Update – using latest Flux.

I’d like to optimize a function of the singular values of a matrix. The Flux training loop barfs.

Here’s my code

using Flux, ForwardDiff, LinearAlgebra, GenericLinearAlgebra
m = 20
X = randn(m,m)
model = Dense(m,m)
loss(X) = sum(GenericLinearAlgebra.svdvals(model(X))) ## nuclear norm
data = [X] 
opt = ADAM()
for i = 1:10
      Flux.train!(loss, params(model), X, opt) ## also tried zip(X)

This gives a

ERROR: MethodError: no method matching (::Dense{typeof(identity),Array{Float32,2},Array{Float32,1}})(::Float64)
Closest candidates are:
Any(::AbstractArray{T,N} where N) where {T<:Union{Float32, Float64}, W<:(AbstractArray{T,N} where N)} at C:\Users\rajnr.julia\packages\Flux\Fj3bt\src\layers\basic.jl:133
Any(::AbstractArray{#s107,N} where N where #s107<:AbstractFloat) where {T<:Union{Float32, Float64}, W<:(AbstractArray{T,N} where N)} at C:\Users\rajnr.julia\packages\Flux\Fj3bt\src\layers\basic.jl:136
Any(::AbstractArray) at C:\Users\rajnr.julia\packages\Flux\Fj3bt\src\layers\basic.jl:121
[1] macro expansion at C:\Users\rajnr.julia\packages\Zygote\YeCEW\src\compiler\interface2.jl:0 [inlined]
[2] _pullback(::Zygote.Context, ::Dense{typeof(identity),Array{Float32,2},Array{Float32,1}}, ::Float64) at C:\Users\rajnr.julia\packages\Zygote\YeCEW\src\compiler\interface2.jl:7
[3] loss at .\REPL[65]:1 [inlined]
[4] _pullback(::Zygote.Context, ::typeof(loss), ::Float64) at C:\Users\rajnr.julia\packages\Zygote\YeCEW\src\compiler\interface2.jl:0
[5] adjoint at C:\Users\rajnr.julia\packages\Zygote\YeCEW\src\lib\lib.jl:179 [inlined]
[6] _pullback at C:\Users\rajnr.julia\packages\ZygoteRules\6nssF\src\adjoint.jl:47 [inlined]
[7] #17 at C:\Users\rajnr.julia\packages\Flux\Fj3bt\src\optimise\train.jl:89 [inlined]
[8] _pullback(::Zygote.Context, ::Flux.Optimise.var"#17#25"{typeof(loss),Float64}) at C:\Users\rajnr.julia\packages\Zygote\YeCEW\src\compiler\interface2.jl:0
[9] pullback(::Function, ::Zygote.Params) at C:\Users\rajnr.julia\packages\Zygote\YeCEW\src\compiler\interface.jl:174
[10] gradient(::Function, ::Zygote.Params) at C:\Users\rajnr.julia\packages\Zygote\YeCEW\src\compiler\interface.jl:54
[11] macro expansion at C:\Users\rajnr.julia\packages\Flux\Fj3bt\src\optimise\train.jl:88 [inlined]
[12] macro expansion at C:\Users\rajnr.julia\packages\Juno\f8hj2\src\progress.jl:134 [inlined]
[13] train!(::typeof(loss), ::Zygote.Params, ::Array{Float64,2}, ::ADAM; cb::Flux.Optimise.var"#18#26") at C:\Users\rajnr.julia\packages\Flux\Fj3bt\src\optimise\train.jl:81
[14] train!(::Function, ::Zygote.Params, ::Array{Float64,2}, ::ADAM) at C:\Users\rajnr.julia\packages\Flux\Fj3bt\src\optimise\train.jl:79
[15] top-level scope at .\REPL[66]:2

The AD is able to compute gradients though. For example

h(W) = ForwardDiff.gradient(W -> loss(W*X),W)


will work. So will

h(Y) = ForwardDiff.gradient(Y -> loss(Y),Y)

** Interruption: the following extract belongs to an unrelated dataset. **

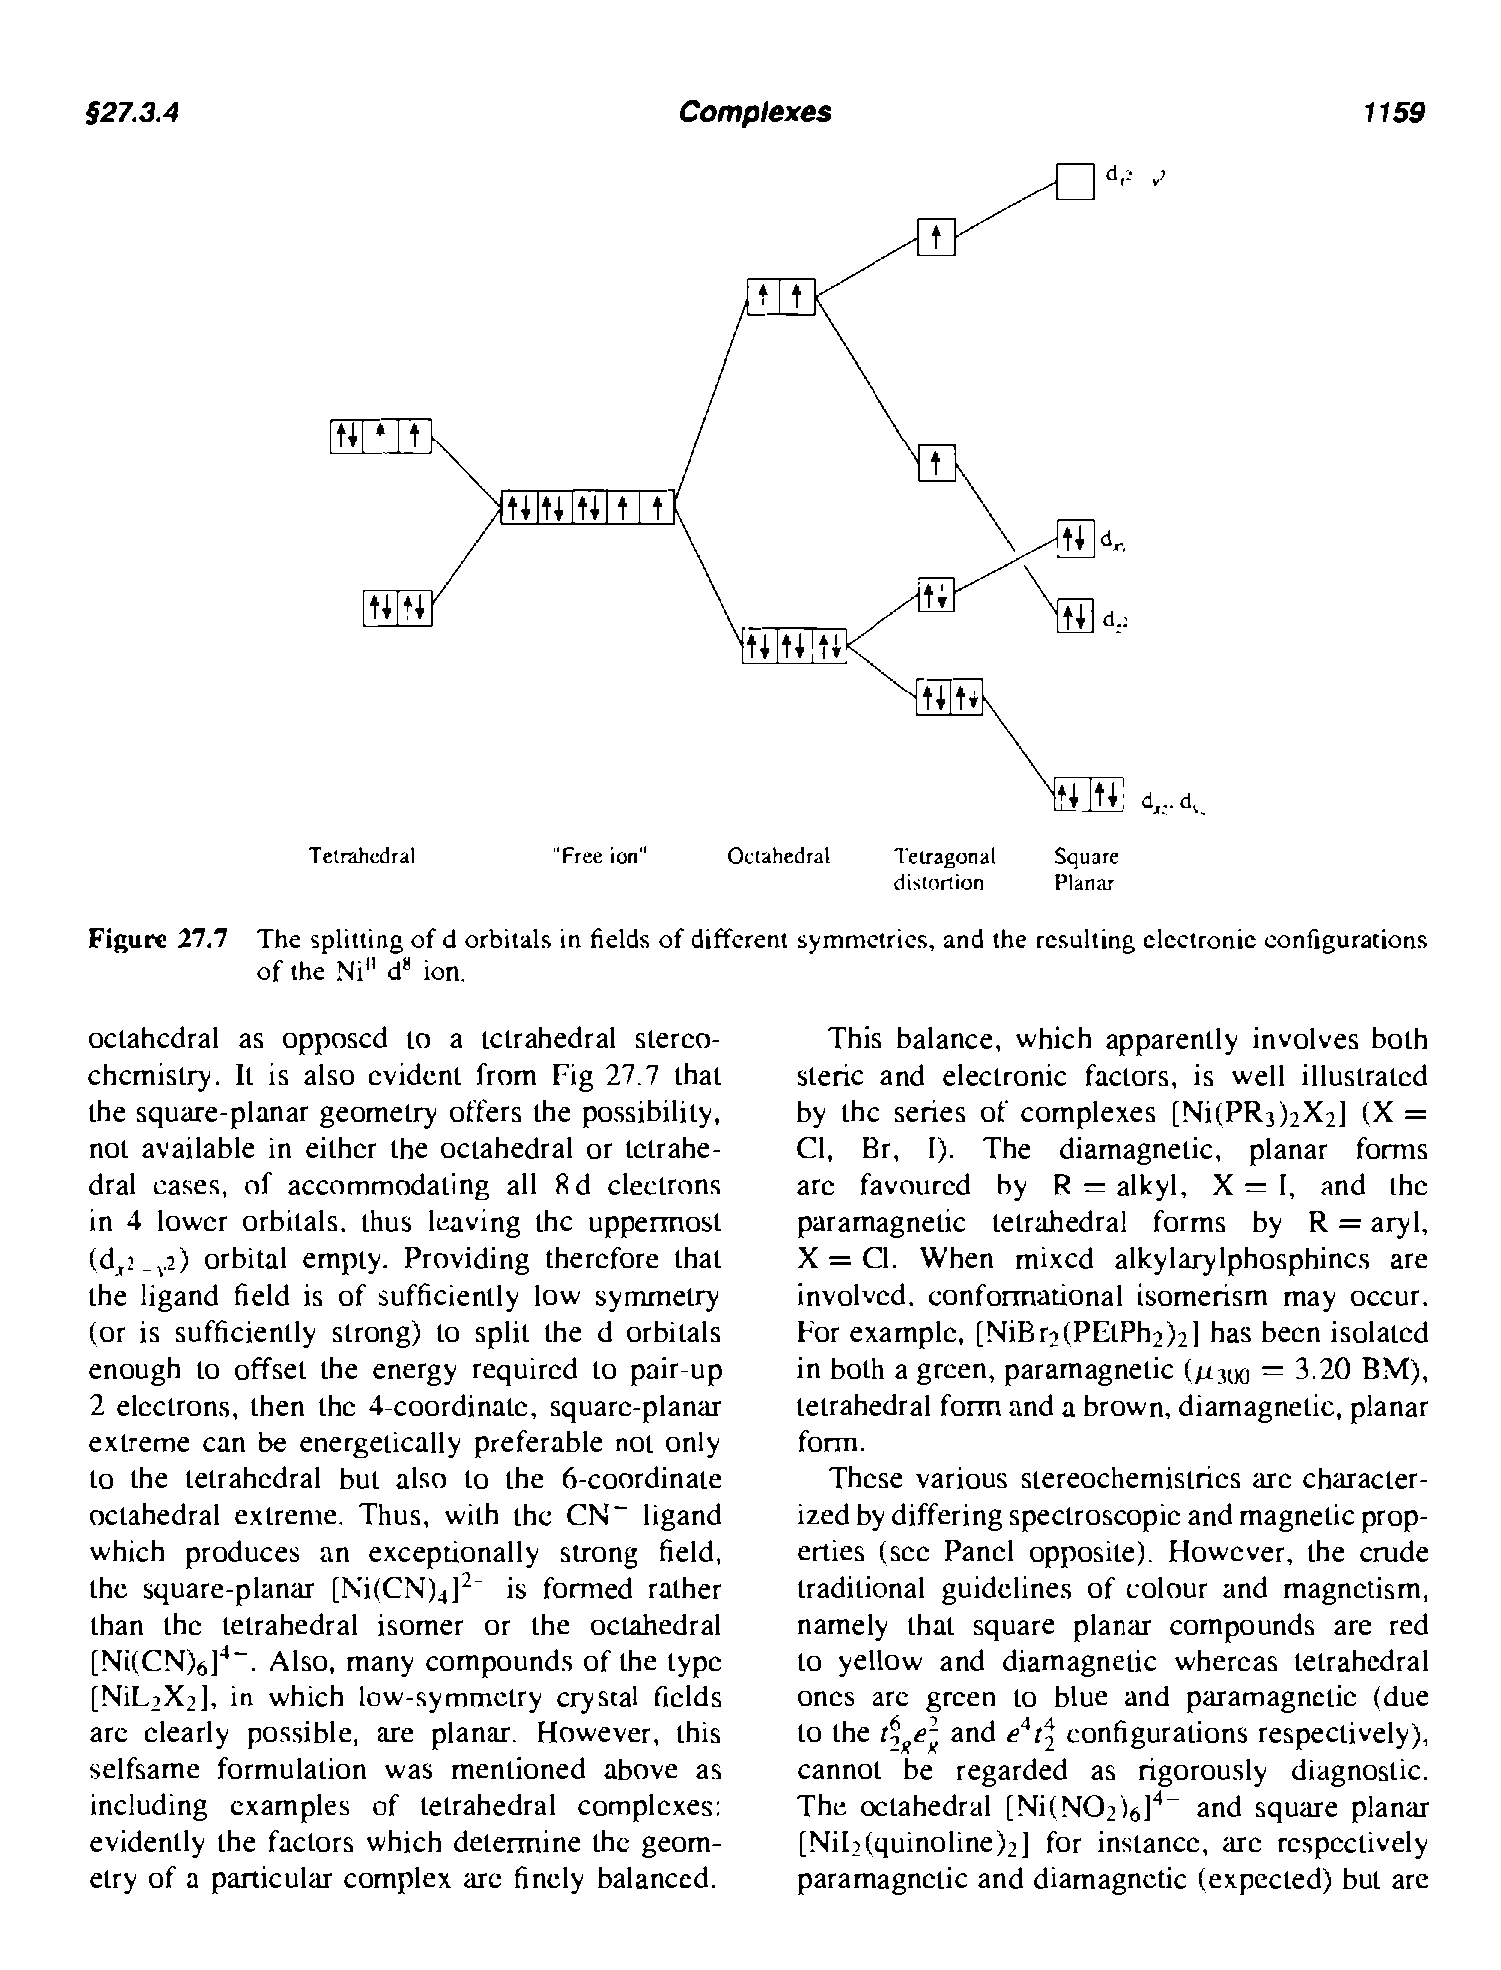 Figure 27.7 The splitting of d orbitals in fields of different symmetries, and the resulting electronic configurations of the Ni" d ion.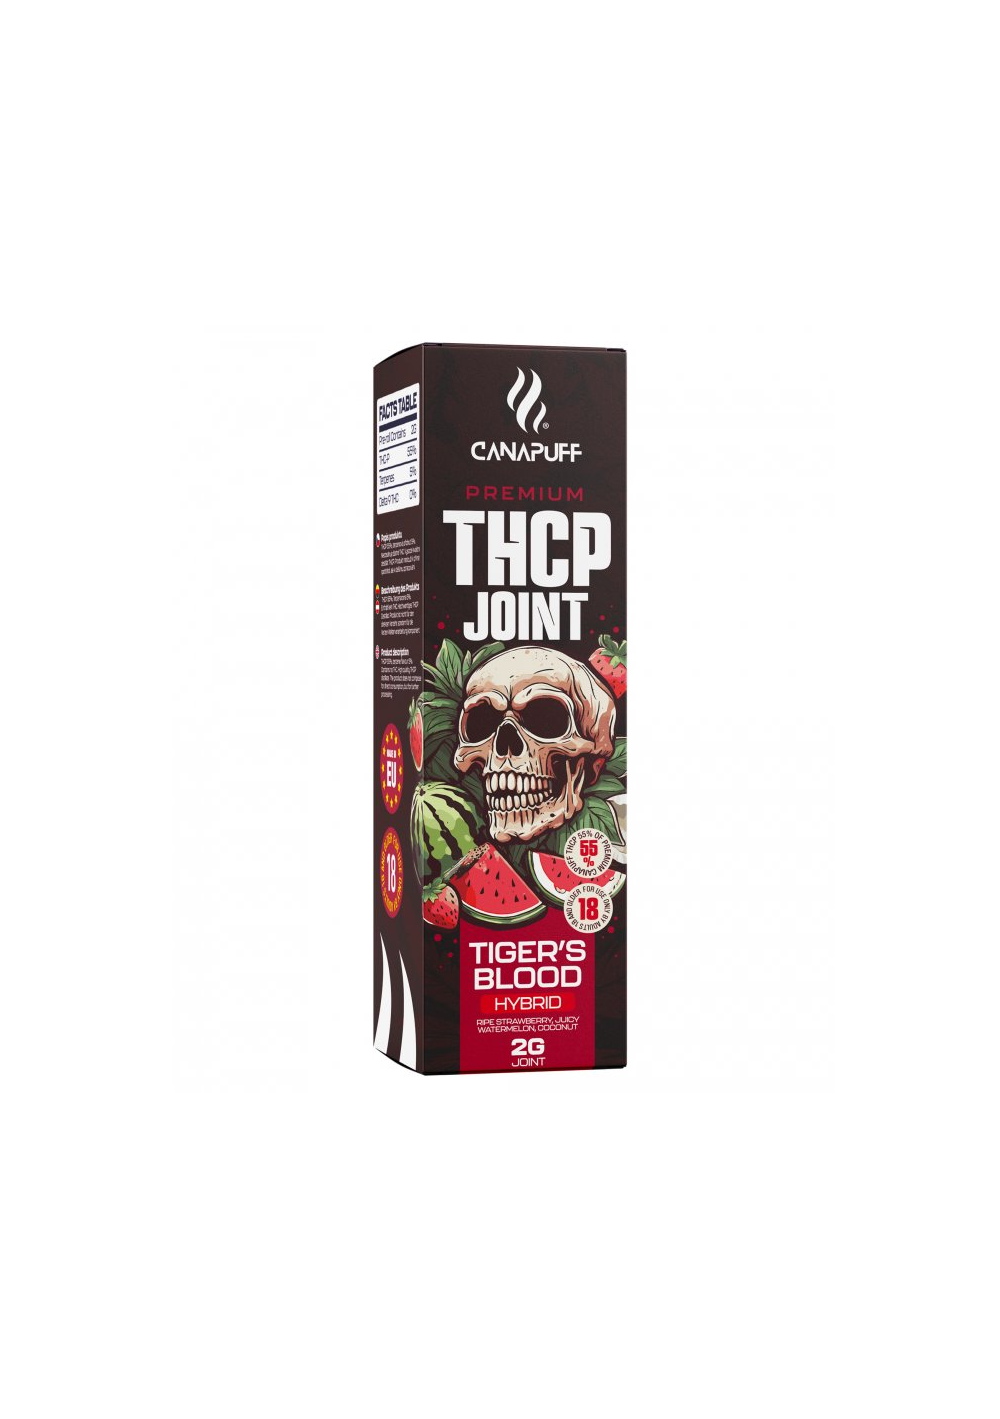 THC-P Pre Roll 55% - Tiger's Blood, 2g - CanaPuff

It returns the right answer - it’s the gradient of the nuclear norm with respect to the matrix

How can I close the loop so Flux can optimize to above loss function?



Thanks @baggepinnen for the tip to update to latest Flux. It fixed the TrackedArrays problem.

It appears that you are using a very old version of Flux, later versions do not use TrackedArrays anymore. Maybe you could try to update Flux to the latest version?

Here’s how you can get the gradient working:

using Flux, Zygote, ForwardDiff
using GenericLinearAlgebra: svdvals

svdvals2(X) = Zygote.forwarddiff(svdvals, X)

m = 20
X = randn(m,m)
model = Dense(m,m)
loss(X) = sum(svdvals2(X)) ## nuclear norm


gradient(loss, X)

This plugs in forwarddiff to get the svdvals gradient. It’d be nice to have direct support for this, so I opened ChainRules issues for SVD and svdvals.


@MikeInnes that works great.

The Zygote.forwarddiff(svdvals,X) doesn’t do what one initially thinks it does (it seems to evaluate svdvals(X) instead of diff(svdvals(X)) ). Perhaps needs a better name – Zygote.evalf(svdvals,X) or,X) ? Just a thought :slight_smile:

forwarddiff(f, x) is a little weird because it is the same as f(x) for the forward pass – it only affects how gradients are calculated, ie using forward rather than reverse mode.

I’d love to have a name that gets that idea across better, although it might be fundamentally unintuitive until you’re exposed to the idea of functions that (only) affect the backwards pass.

aah I see… that is an idea i haven’t been exposed to but seems like a great name could also expose the user to that idea (if they wanted to know more)

how about map4autodiff, map4forwardpass, map4backpass ?